### Task directions
Could you retype the whole listing word for word and drop the images?

### Data block
BEGIN
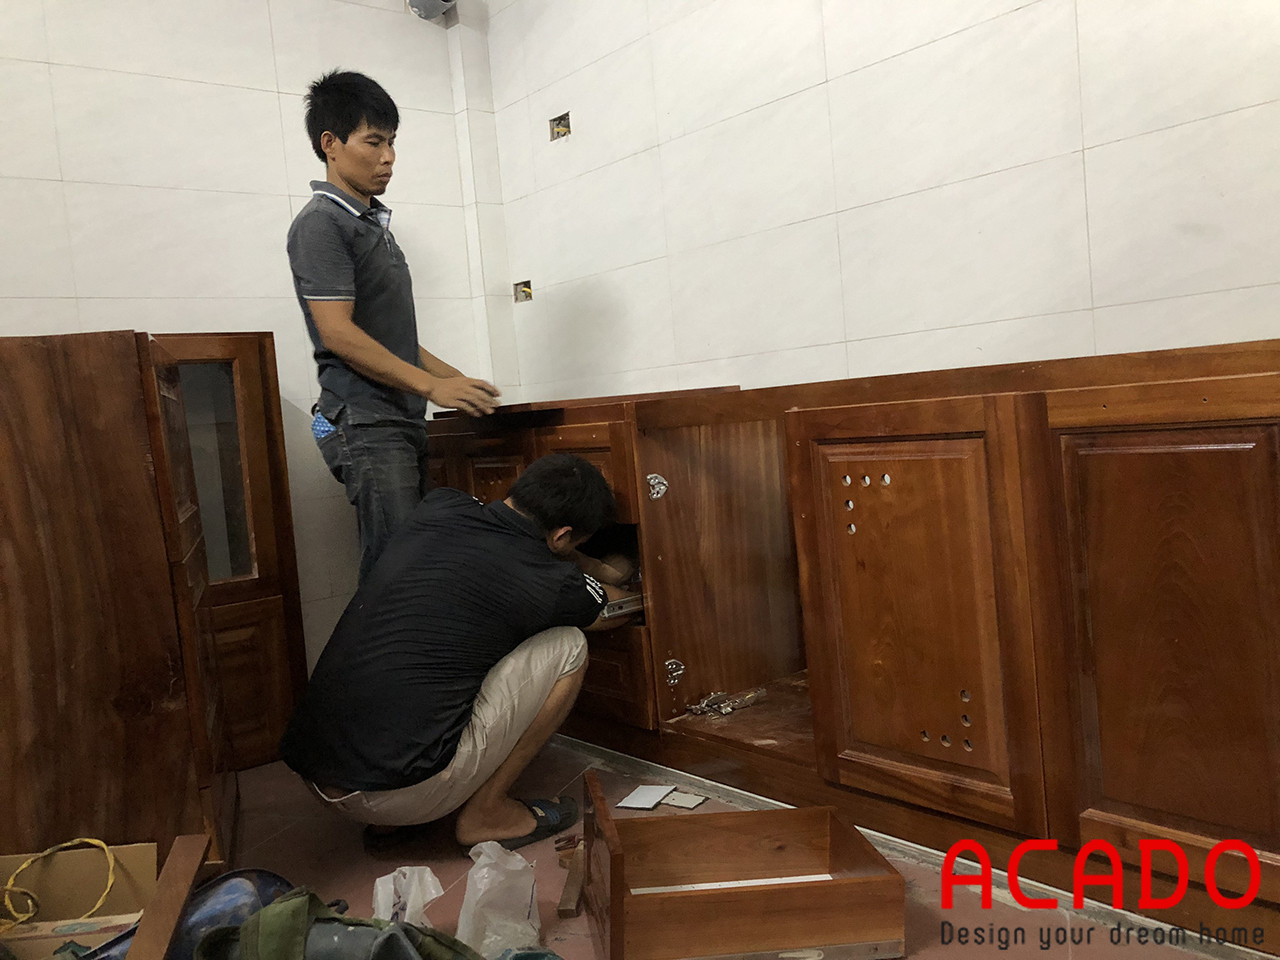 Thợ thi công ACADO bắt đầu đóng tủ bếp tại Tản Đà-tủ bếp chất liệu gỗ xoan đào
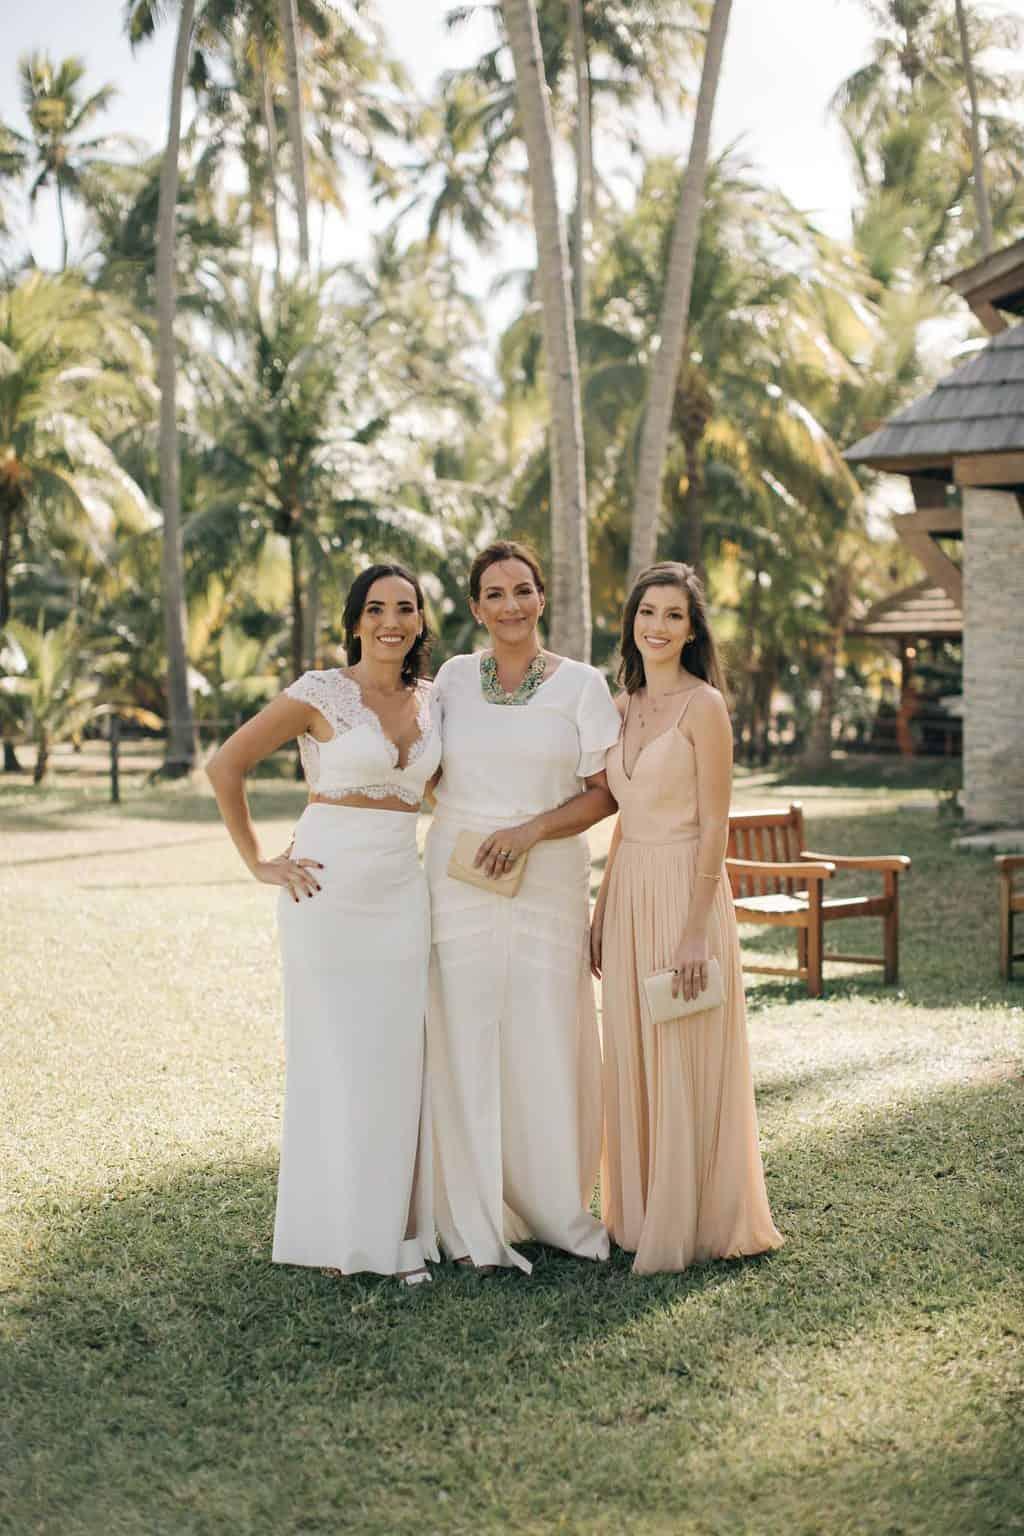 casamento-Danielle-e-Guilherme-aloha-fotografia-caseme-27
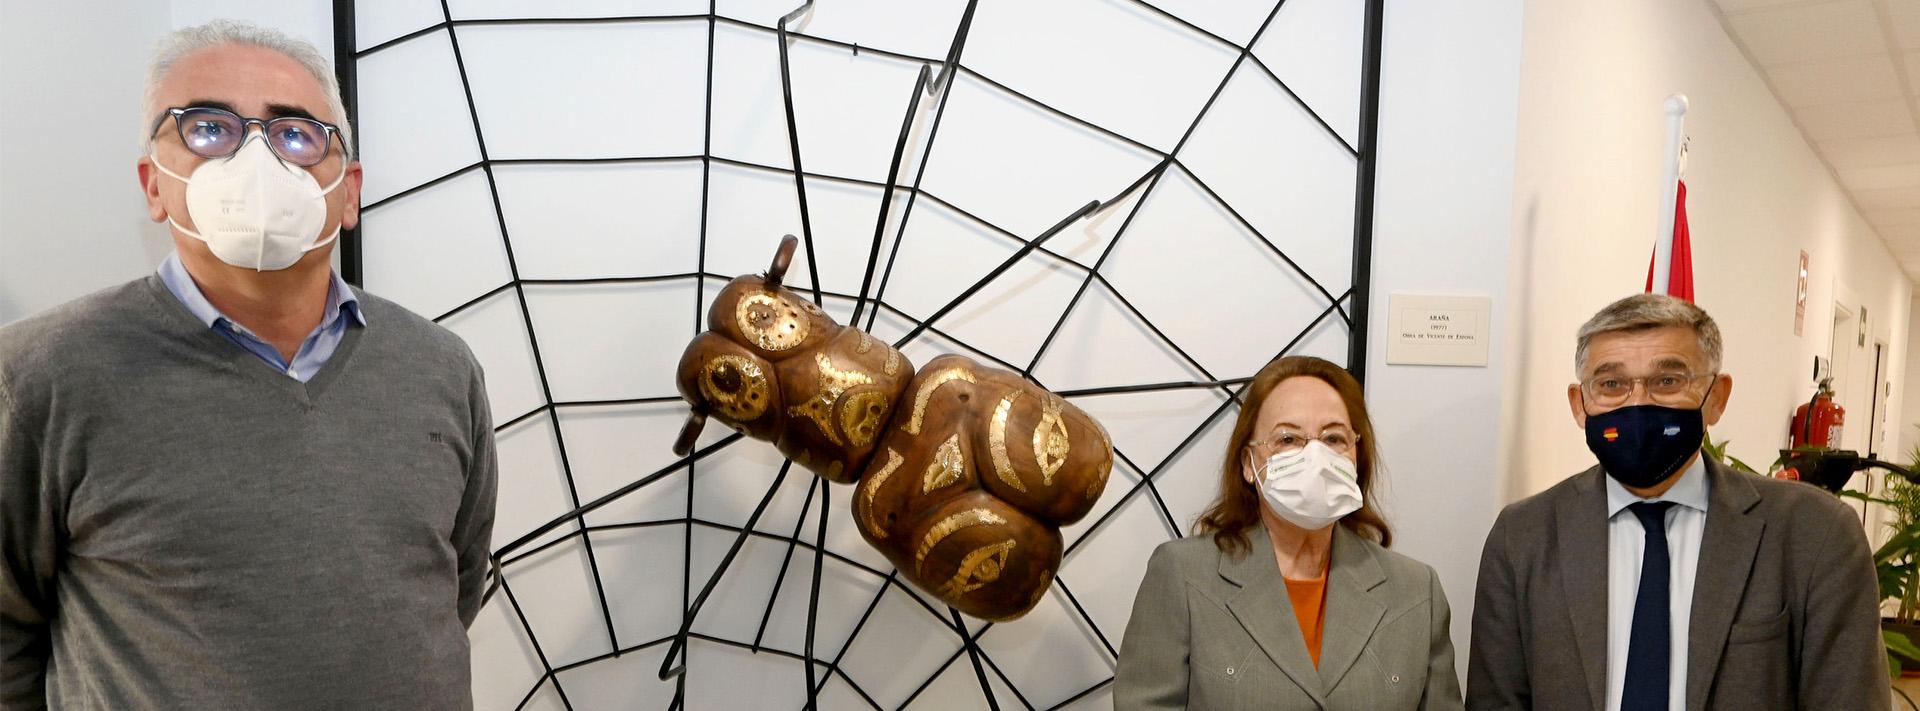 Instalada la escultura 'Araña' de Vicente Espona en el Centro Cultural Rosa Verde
END
### Written answer
 Thợ thi công ACADO bắt đầu đóng tủ bếp tại Tản Đà-tủ bếp chất liệu gỗ xoan đào
 casamento-Danielle-e-Guilherme-aloha-fotografia-caseme-27
 Instalada la escultura 'Araña' de Vicente Espona en el Centro Cultural Rosa Verde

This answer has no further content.